These are minor quibbles and many users have reported total satisfaction with their Corsairs. And other cases have been much worse. And of course, neither of those Corsairs are top of the line. But IMO, quality should transcend throughout the brand - not just at the top tiers. Even the best will have units that don't meet standards, but encountering two in recent builds left a bad taste in my mouth for Corsair cases.


----------



## Kofoed (Nov 25, 2016)

Thats a good point. I think I will be going with the Define c then, nice and compact.


----------



## Bill_Bright (Nov 25, 2016)

Kofoed said:


> Thats a good point.
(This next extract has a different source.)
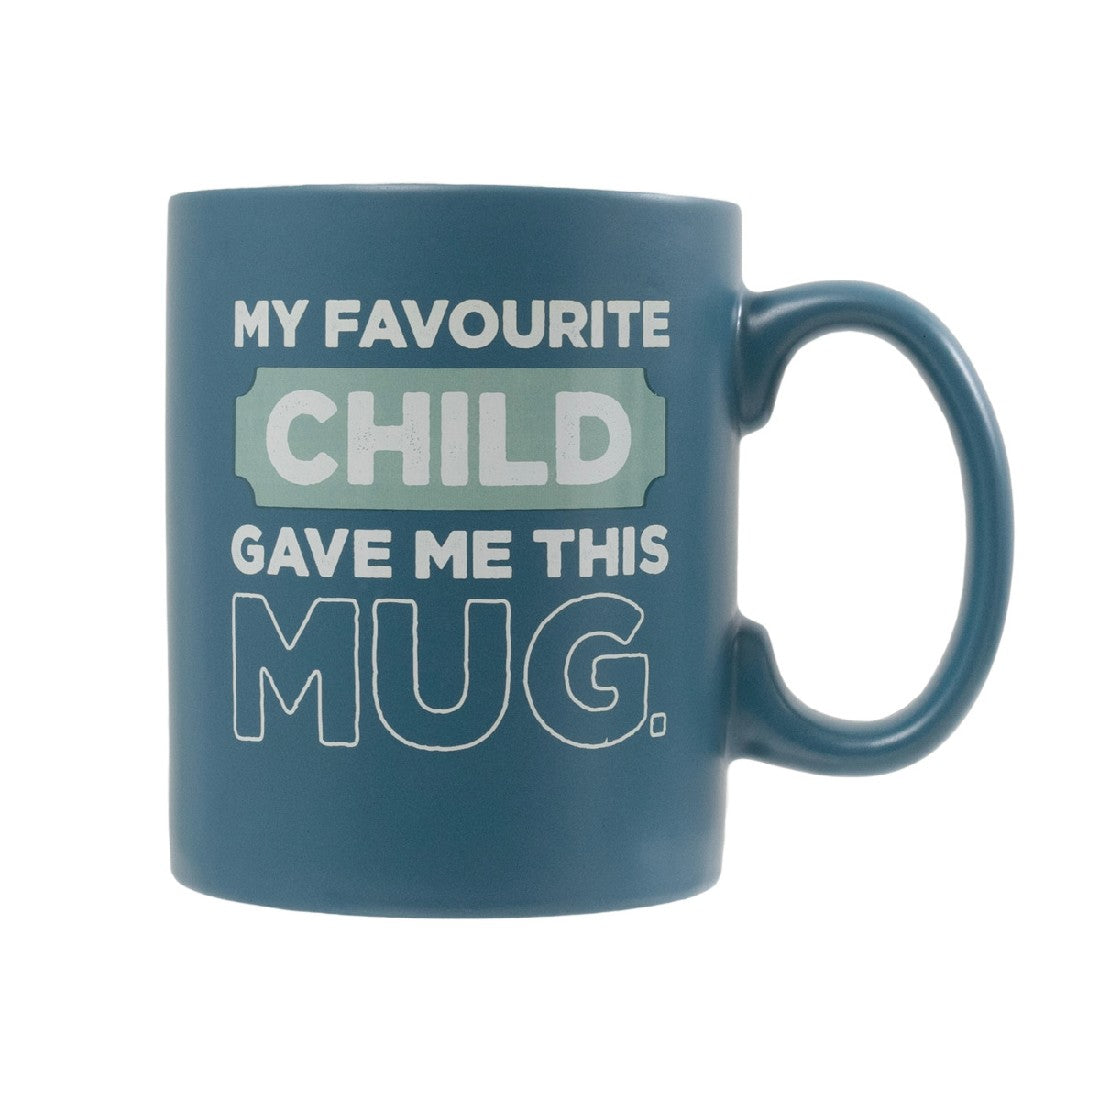 Mugs For Him

I think I will be going with the Define c then, nice and compact.


Okay but lets remember this is Guyvoxi8's thread so further discussion about your choice should be in your own, new thread.


----------



## Guyvoxi8 (Nov 25, 2016)

Thanks a lot evreyone i will go for  define r5 , have a nice weekend!


----------



## monim1 (Nov 30, 2016)

Both are very close to each other. No significant difference can be made. But if I have to mention only one then I would go with Define 5.


----------



## Bill_Bright (Nov 30, 2016)

monim1 said:


> No significant difference can be made.


No significant difference???  Huh? As I noted above, the R5 has 2 front panel accessible drive bays. That is a significant difference from the Define C.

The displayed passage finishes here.